God took revenge on your daughter because she displeased him... (These people don't seem to have ever heard of Romans 8:31. Then again, as I think I've said before, if God ends up killing those he doesn't like, he must not like any of us too much. In the long run...)

Debi Harbuck said...

Deniers, yes, jesse, but - at least in my experience - not Disappearers. They haven't turned in their friendship cards and hit the road. They are sticking around, if for no other reason than to continue to tell me how wrong I am. :)

Jesse Wiedinmyer said...

That, Debi, is where you're wrong...

Cheryl Sharp said...

Dear Debi: I am so glad that you finally started this page. Your ability to speak your raw truth has always been one of the things I have admired most.
I do hope that those who read this take a look at how we might fall into any of these archetypes on any given day, even when we have felt our own losses.
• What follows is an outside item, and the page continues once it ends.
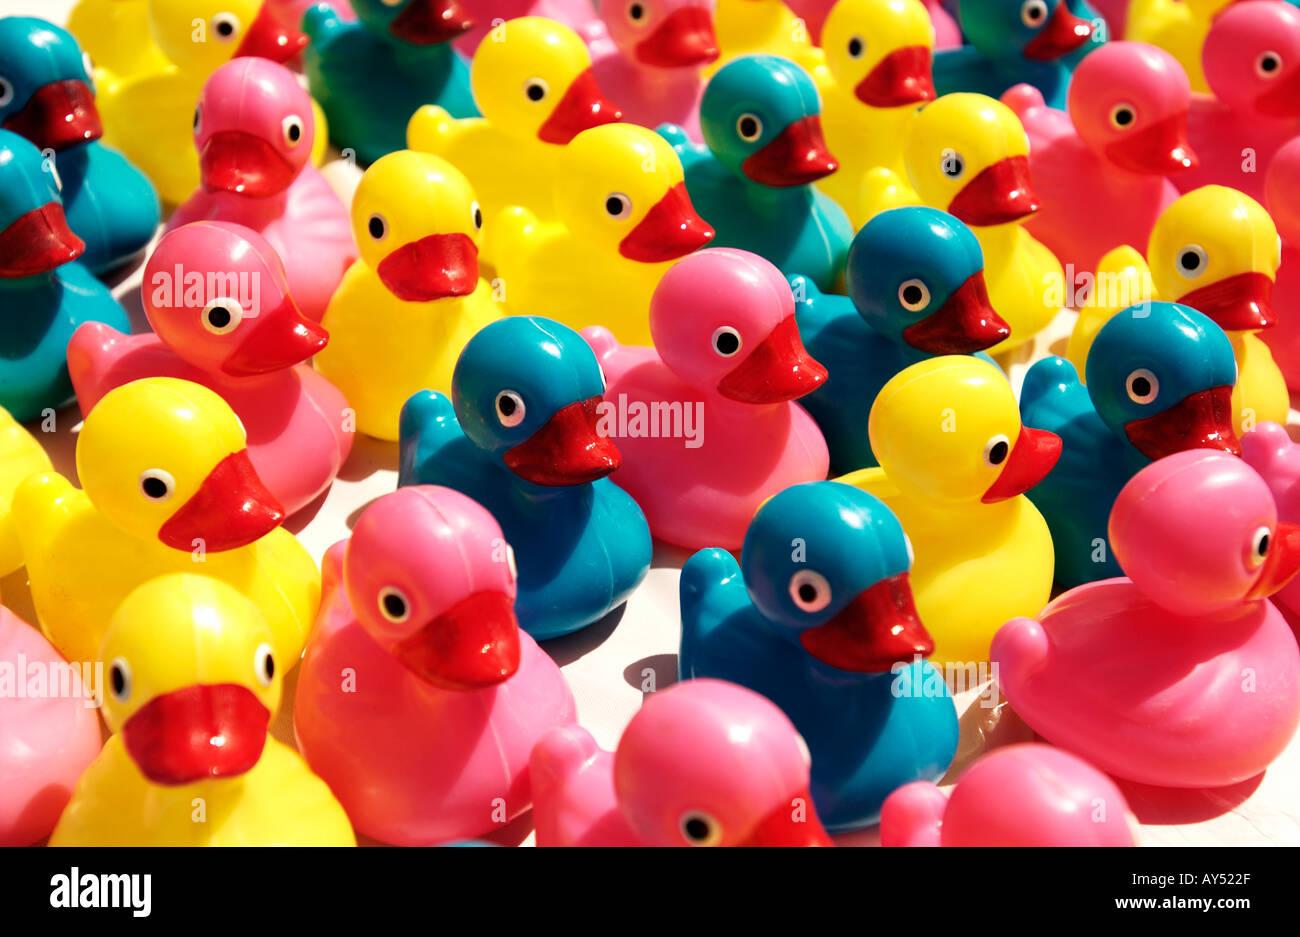 Colorful plastic ducks - Stock Image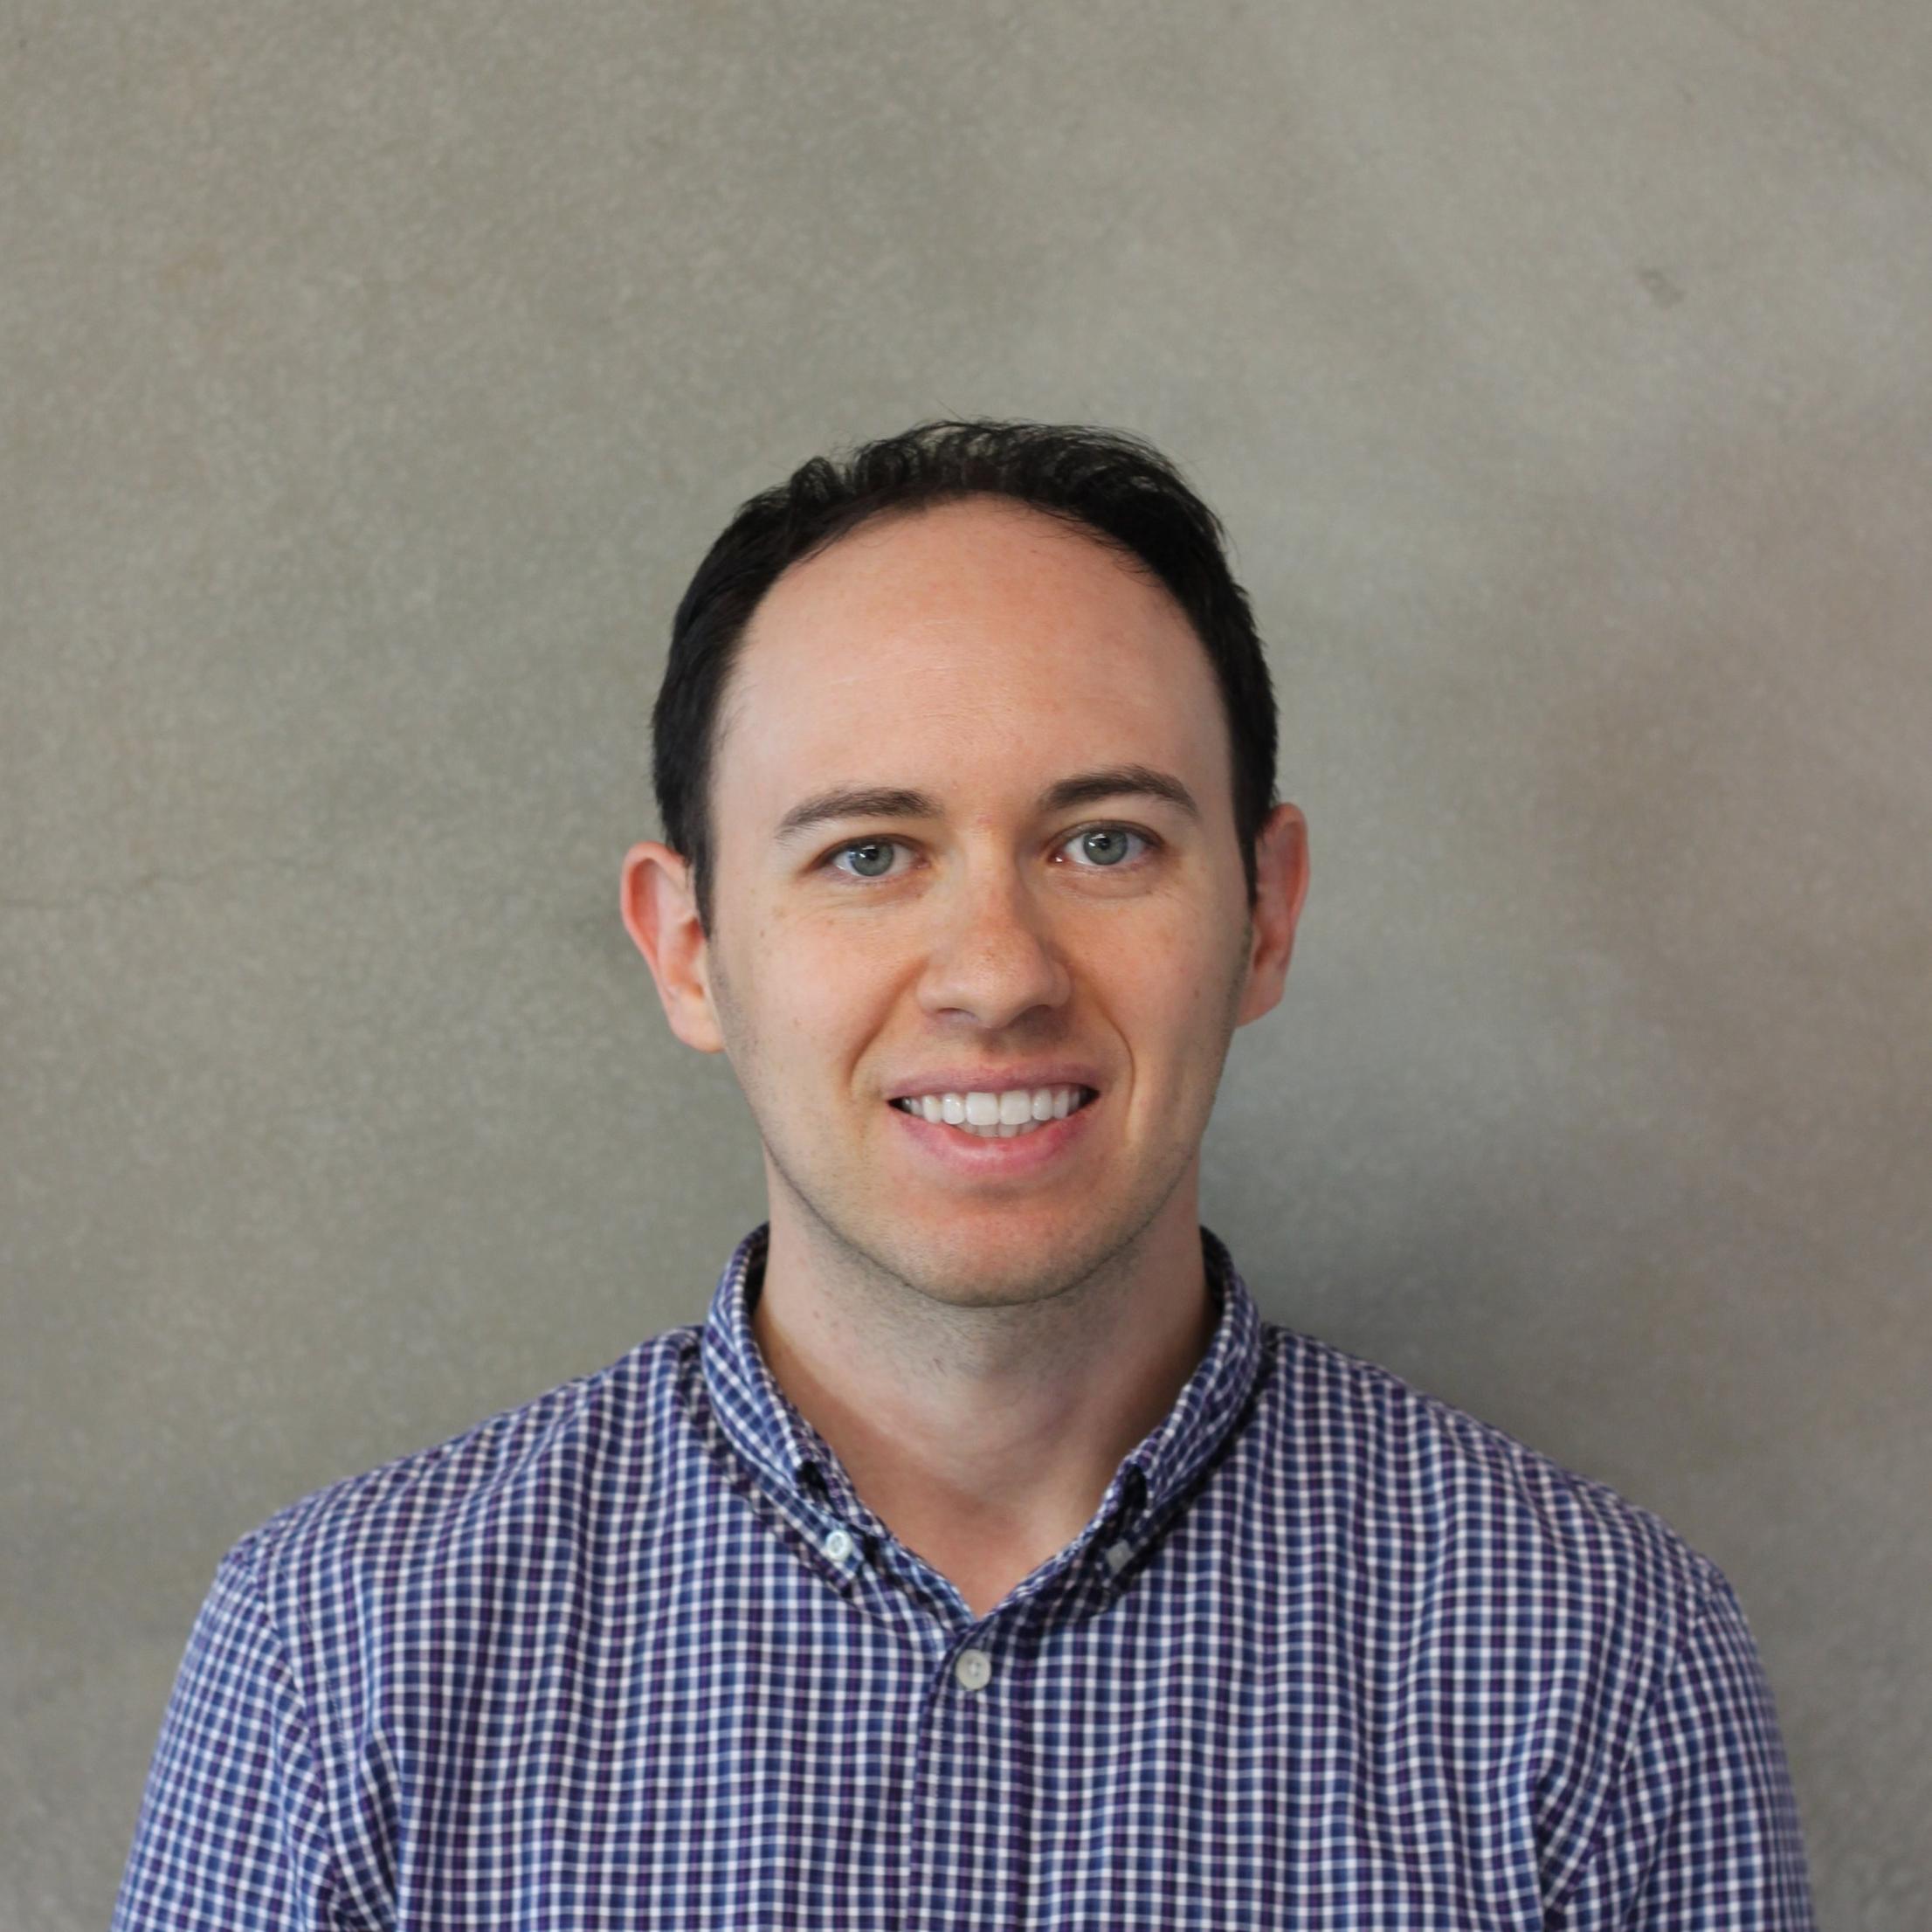 Max Mednik - Chief Operating Officer, Co-FounderStanford B.S., M.S. | UCLA MBA | Google | 3x Entrepreneur

It's amazing to me how we have so much advice for everyone else and can't help ourselves on any given day. All we can really share is our own experience and try to understand based on empathy rather than sympathy.
As I have said to you many times, I can't understand even though I want to. What I hope I am able to do is to be open to however you are experiencing your experience.
I do want to say that I never knew you when Brittany was alive. It is interesting that I never think of you without her being a part of you. Through your sharing her life with me, she is someone I also feel I could conjure. She has a voice, a personality, a family, and a spirit that I certainly can't deny based on my experience of her through you.
It's interesting that you shared the tragedy of her death with me early on, yet it is not the focus of your life. It is the right to continue to be a mother who loves her child. You didn't stop loving her because she died.
Anyway, I am so glad that you are giving people an opportunity to understand more of what the loss and grief is really like. Perhaps others will also begin to speak up and tell the truth!
C Sharp

Greg Hyduke said...

"I do want to say that I never knew you when Brittany was alive. It is interesting that I never think of you without her being a part of you. Through your sharing her life with me, she is someone I also feel I could conjure."

This is so cool. Human consciousness is so powerful.

Debi Harbuck said...

Cheryl, sweetheart, I am so glad that you are here. And, thank you for what you said about being able to conjure my girl. I am so glad to have been able to make her real for you; that truly is what life is about for me these days: keeping her spirit alive in the world.

I could not have come so far in so short a time without you and I will forever be grateful that you are a part of my world.